# oops..gigantic toy encounter



## urbandecayno5 (Oct 24, 2012)

So I ordered a whole bunch of stuff online for Hank

All the stuff were size appropriate for her until I saw this in the box. Naturally I didn't read that it was more for larger birds. 


I figured I would give it to her anyway rather then return it

Here is how the encounter went:



"Um where is the Macaw that goes with this toy"










"Oh this is for me:blink:"









"Okay well I'll start destroying it like I do everything else if I must"










"Im not going back in the cage unless the gigantic toy comes with me!"










I'll give it a week


----------



## OOwl (Dec 5, 2012)

That is so ridiculously cute! I think that's a GREAT 'tiel toy (although mine would probably poop on it as she perched all over it!). My Grey and Galah would destroy that in probably under 15 minutes so I think it's much more suited to just what you did with it. May she enjoy her new toy.


----------



## steph84106 (Feb 6, 2013)

If I'm not mistaken, that is the one & only "galactic crunch" lol...  That is a serious favorite for my tiels... They have torn it apart again and again. Congrats on your new toy  I was taken aback by its size at first too...hehe.


----------



## urbandecayno5 (Oct 24, 2012)

OOwl said:


> That is so ridiculously cute! I think that's a GREAT 'tiel toy (although mine would probably poop on it as she perched all over it!). My Grey and Galah would destroy that in probably under 15 minutes so I think it's much more suited to just what you did with it. May she enjoy her new toy.


 thanks.
I just reread the magazine and it was labeled for "Conure to Amazon". Honestly this was a major impulse buy..she loves it so im happy
hehe


steph84106 said:


> If I'm not mistaken, that is the one & only "galactic crunch" lol...  That is a serious favorite for my tiels... They have torn it apart again and again. Congrats on your new toy  I was taken aback by its size at first too...hehe.
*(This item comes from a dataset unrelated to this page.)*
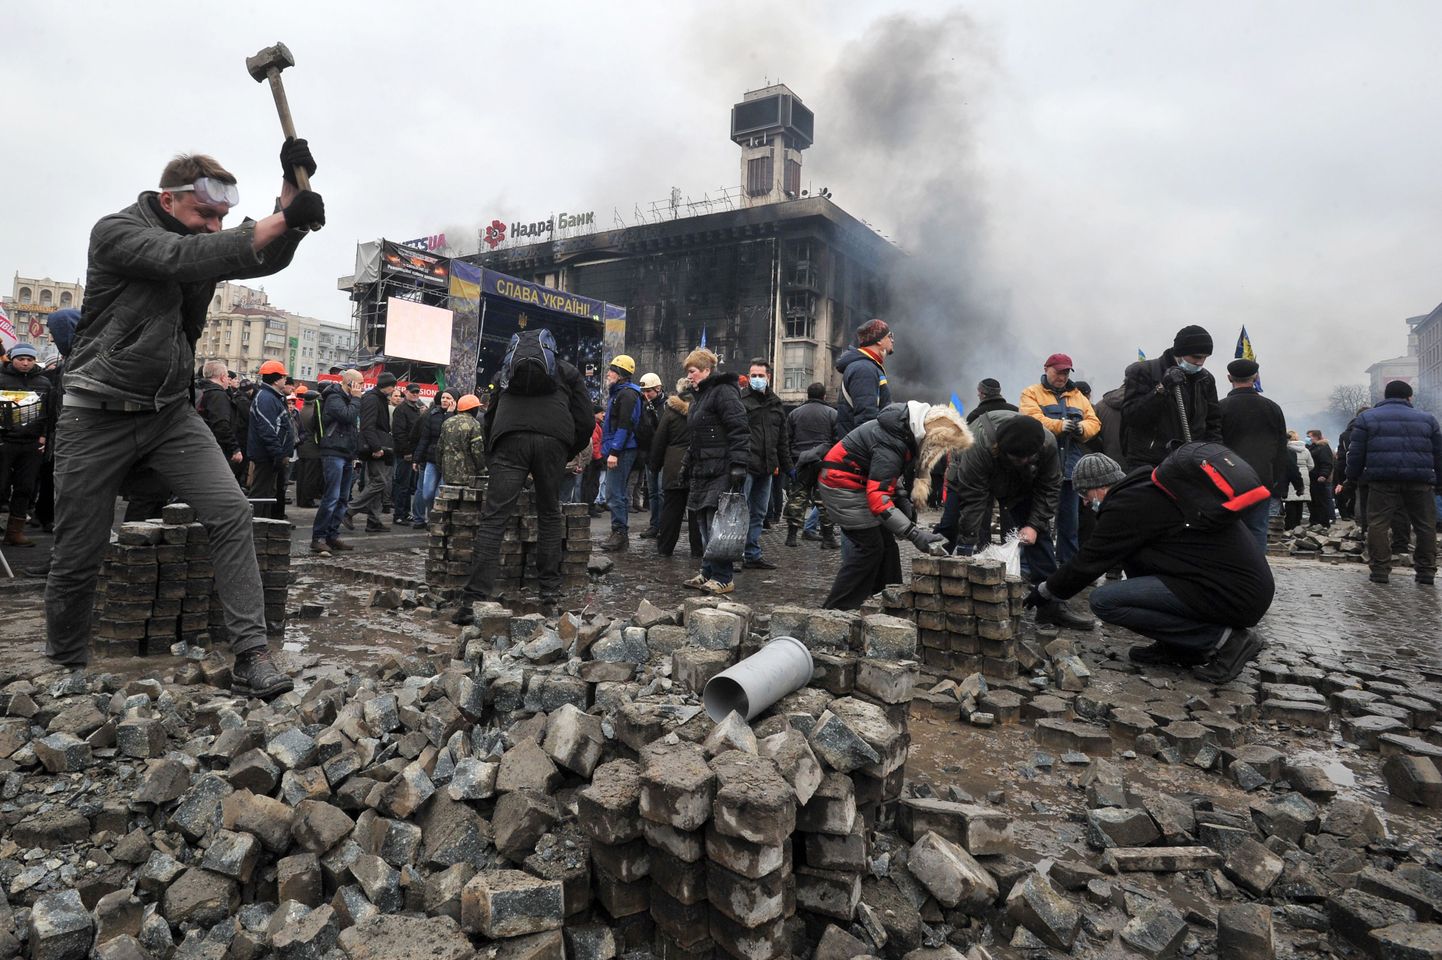 Kiievi protestijad eemaldasid täna Iseseisvuse väljakul võimaliku miilitsa pealetungi tarbeks tänavakivisid.

It certainly is!..I have a feeling im going to be buying this more then once at the rate she's destroying it
Im really glad I ordered it now she's looks like little kid on Christmas
more of a mess to


----------



## sonic123 (Nov 2, 2012)

that is such a cool where did u get that?


----------



## stevechurch2222 (Sep 25, 2011)

Those pictures are so adorable,I enjoyed all of them.


----------



## Sephy (Feb 24, 2013)

That's so precious! Seems like she really has taken to it! And variety is the spice of life; having such a big toy is probably really cool for her!


----------



## RowdyTiel (Jan 24, 2013)

This is so CUTE!


----------



## urbandecayno5 (Oct 24, 2012)

Thanks everyone 
Im glad I have a mat infront of her cage because there was literally pieces of this everywhere when I got home from my night class. Way more then the normal mess. She attacked this thing
It looks like she really had a terrible time while I was gone:lol:



sonic123 said:


> that is such a cool where did u get that?


I got this from www.drfostersmith.com 
It's appropriately called the "Galactic Crunch"


----------



## Mezza (Feb 19, 2013)

Hahaha! That is priceless! Look at the size...aaawwww.
I want one! Well, Skiddles does.


----------



## flippityjib (Dec 13, 2012)

I have done that more than a few times! They still like the toys even the huge ones. They just end up crawling all over them.  That is one cool toy though and she looks like she likes it just fine.


----------



## moonchild (Jul 29, 2012)

Hank is so cute with her gigantic toy! I think my guys would love on of their own actually.


----------



## lperry82 (Aug 2, 2010)

Aww cute pics


----------